START Exercise data

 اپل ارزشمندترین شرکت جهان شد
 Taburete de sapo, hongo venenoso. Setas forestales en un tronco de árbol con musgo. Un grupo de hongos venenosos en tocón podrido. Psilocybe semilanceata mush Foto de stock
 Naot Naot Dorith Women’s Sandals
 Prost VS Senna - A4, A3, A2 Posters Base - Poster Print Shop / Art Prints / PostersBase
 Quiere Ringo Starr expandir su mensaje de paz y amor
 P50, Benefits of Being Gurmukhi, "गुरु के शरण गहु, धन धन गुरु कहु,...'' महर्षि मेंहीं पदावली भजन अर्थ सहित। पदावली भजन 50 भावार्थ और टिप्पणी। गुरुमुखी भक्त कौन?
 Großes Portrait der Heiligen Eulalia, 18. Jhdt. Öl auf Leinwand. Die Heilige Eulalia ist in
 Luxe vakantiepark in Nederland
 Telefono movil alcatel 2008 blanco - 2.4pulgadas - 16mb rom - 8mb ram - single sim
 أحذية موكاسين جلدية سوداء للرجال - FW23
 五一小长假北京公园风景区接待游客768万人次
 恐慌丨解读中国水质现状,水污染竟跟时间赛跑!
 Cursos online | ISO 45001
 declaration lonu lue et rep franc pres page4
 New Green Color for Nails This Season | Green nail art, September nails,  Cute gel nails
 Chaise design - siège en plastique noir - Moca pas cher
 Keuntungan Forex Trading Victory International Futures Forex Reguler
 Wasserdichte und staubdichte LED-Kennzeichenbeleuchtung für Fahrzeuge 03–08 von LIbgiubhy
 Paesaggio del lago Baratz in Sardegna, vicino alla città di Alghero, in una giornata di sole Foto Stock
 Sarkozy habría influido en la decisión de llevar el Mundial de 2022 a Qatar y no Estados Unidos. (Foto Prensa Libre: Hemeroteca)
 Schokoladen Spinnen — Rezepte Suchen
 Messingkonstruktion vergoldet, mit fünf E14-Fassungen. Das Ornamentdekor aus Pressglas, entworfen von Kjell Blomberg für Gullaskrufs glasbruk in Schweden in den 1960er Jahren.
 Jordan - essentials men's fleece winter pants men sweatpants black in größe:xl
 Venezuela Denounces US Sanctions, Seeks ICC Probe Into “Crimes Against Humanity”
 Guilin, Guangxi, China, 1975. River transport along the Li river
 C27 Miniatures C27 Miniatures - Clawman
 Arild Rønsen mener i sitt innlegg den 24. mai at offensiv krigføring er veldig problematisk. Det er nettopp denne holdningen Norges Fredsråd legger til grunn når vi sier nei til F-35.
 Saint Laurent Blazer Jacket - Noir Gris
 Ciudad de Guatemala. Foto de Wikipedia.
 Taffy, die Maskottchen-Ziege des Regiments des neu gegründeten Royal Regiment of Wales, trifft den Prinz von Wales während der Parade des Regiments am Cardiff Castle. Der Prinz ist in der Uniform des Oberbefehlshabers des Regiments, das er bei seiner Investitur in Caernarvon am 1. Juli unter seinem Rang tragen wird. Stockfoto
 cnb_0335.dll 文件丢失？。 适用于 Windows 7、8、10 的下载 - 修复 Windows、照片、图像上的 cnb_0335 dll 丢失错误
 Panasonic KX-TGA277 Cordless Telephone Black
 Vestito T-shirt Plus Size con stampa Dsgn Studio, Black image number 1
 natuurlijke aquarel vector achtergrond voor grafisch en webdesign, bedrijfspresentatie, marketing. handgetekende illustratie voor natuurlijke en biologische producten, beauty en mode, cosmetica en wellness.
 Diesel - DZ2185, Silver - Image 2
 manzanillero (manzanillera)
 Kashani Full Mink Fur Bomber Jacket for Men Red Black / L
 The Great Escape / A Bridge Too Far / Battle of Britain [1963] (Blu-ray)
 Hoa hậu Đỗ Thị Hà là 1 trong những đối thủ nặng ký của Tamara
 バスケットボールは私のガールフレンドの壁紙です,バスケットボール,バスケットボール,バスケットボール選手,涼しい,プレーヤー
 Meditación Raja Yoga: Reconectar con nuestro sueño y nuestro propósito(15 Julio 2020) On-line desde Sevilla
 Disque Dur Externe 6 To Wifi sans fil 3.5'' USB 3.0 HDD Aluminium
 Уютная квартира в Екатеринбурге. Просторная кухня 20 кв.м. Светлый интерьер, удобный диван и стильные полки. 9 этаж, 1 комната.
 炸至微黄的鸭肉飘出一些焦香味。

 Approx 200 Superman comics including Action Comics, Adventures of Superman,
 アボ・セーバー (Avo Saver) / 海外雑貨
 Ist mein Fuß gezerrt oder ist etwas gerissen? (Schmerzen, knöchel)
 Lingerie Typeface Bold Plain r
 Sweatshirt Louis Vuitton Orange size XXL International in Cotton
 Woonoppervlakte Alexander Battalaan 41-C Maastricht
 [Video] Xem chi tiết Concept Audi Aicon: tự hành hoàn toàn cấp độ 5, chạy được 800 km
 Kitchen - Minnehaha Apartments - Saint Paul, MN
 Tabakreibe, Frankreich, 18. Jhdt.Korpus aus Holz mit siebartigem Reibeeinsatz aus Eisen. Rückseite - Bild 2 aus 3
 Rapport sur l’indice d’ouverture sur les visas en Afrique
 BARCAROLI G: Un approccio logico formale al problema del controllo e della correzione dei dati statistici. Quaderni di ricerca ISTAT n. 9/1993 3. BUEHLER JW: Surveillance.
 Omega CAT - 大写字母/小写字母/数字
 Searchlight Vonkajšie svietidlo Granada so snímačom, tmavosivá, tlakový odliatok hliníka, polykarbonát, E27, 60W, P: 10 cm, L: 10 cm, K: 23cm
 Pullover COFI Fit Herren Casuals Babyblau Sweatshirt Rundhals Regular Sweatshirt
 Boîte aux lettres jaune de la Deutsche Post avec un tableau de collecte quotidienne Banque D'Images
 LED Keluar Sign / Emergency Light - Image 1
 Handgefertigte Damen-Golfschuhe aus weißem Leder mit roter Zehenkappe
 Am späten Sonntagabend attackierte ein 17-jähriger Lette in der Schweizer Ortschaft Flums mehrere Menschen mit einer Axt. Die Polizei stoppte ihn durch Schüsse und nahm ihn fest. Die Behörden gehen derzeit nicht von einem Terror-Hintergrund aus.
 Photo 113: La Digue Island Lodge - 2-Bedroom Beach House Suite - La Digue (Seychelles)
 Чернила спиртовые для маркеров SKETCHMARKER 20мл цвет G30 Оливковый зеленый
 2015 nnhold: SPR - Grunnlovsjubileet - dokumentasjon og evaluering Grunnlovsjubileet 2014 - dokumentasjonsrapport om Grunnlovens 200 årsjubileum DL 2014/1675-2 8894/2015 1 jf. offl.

END Exercise data

What you need to do: Your output should be the listing's lines, exact and complete, from its first line to the line that contains "Ciudad de Guatemala. Foto de Wikipedia.", inclusive.

Solved exercise:
 اپل ارزشمندترین شرکت جهان شد
 Taburete de sapo, hongo venenoso. Setas forestales en un tronco de árbol con musgo. Un grupo de hongos venenosos en tocón podrido. Psilocybe semilanceata mush Foto de stock
 Naot Naot Dorith Women’s Sandals
 Prost VS Senna - A4, A3, A2 Posters Base - Poster Print Shop / Art Prints / PostersBase
 Quiere Ringo Starr expandir su mensaje de paz y amor
 P50, Benefits of Being Gurmukhi, "गुरु के शरण गहु, धन धन गुरु कहु,...'' महर्षि मेंहीं पदावली भजन अर्थ सहित। पदावली भजन 50 भावार्थ और टिप्पणी। गुरुमुखी भक्त कौन?
 Großes Portrait der Heiligen Eulalia, 18. Jhdt. Öl auf Leinwand. Die Heilige Eulalia ist in
 Luxe vakantiepark in Nederland
 Telefono movil alcatel 2008 blanco - 2.4pulgadas - 16mb rom - 8mb ram - single sim
 أحذية موكاسين جلدية سوداء للرجال - FW23
 五一小长假北京公园风景区接待游客768万人次
 恐慌丨解读中国水质现状,水污染竟跟时间赛跑!
 Cursos online | ISO 45001
 declaration lonu lue et rep franc pres page4
 New Green Color for Nails This Season | Green nail art, September nails,  Cute gel nails
 Chaise design - siège en plastique noir - Moca pas cher
 Keuntungan Forex Trading Victory International Futures Forex Reguler
 Wasserdichte und staubdichte LED-Kennzeichenbeleuchtung für Fahrzeuge 03–08 von LIbgiubhy
 Paesaggio del lago Baratz in Sardegna, vicino alla città di Alghero, in una giornata di sole Foto Stock
 Sarkozy habría influido en la decisión de llevar el Mundial de 2022 a Qatar y no Estados Unidos. (Foto Prensa Libre: Hemeroteca)
 Schokoladen Spinnen — Rezepte Suchen
 Messingkonstruktion vergoldet, mit fünf E14-Fassungen. Das Ornamentdekor aus Pressglas, entworfen von Kjell Blomberg für Gullaskrufs glasbruk in Schweden in den 1960er Jahren.
 Jordan - essentials men's fleece winter pants men sweatpants black in größe:xl
 Venezuela Denounces US Sanctions, Seeks ICC Probe Into “Crimes Against Humanity”
 Guilin, Guangxi, China, 1975. River transport along the Li river
 C27 Miniatures C27 Miniatures - Clawman
 Arild Rønsen mener i sitt innlegg den 24. mai at offensiv krigføring er veldig problematisk. Det er nettopp denne holdningen Norges Fredsråd legger til grunn når vi sier nei til F-35.
 Saint Laurent Blazer Jacket - Noir Gris
 Ciudad de Guatemala. Foto de Wikipedia.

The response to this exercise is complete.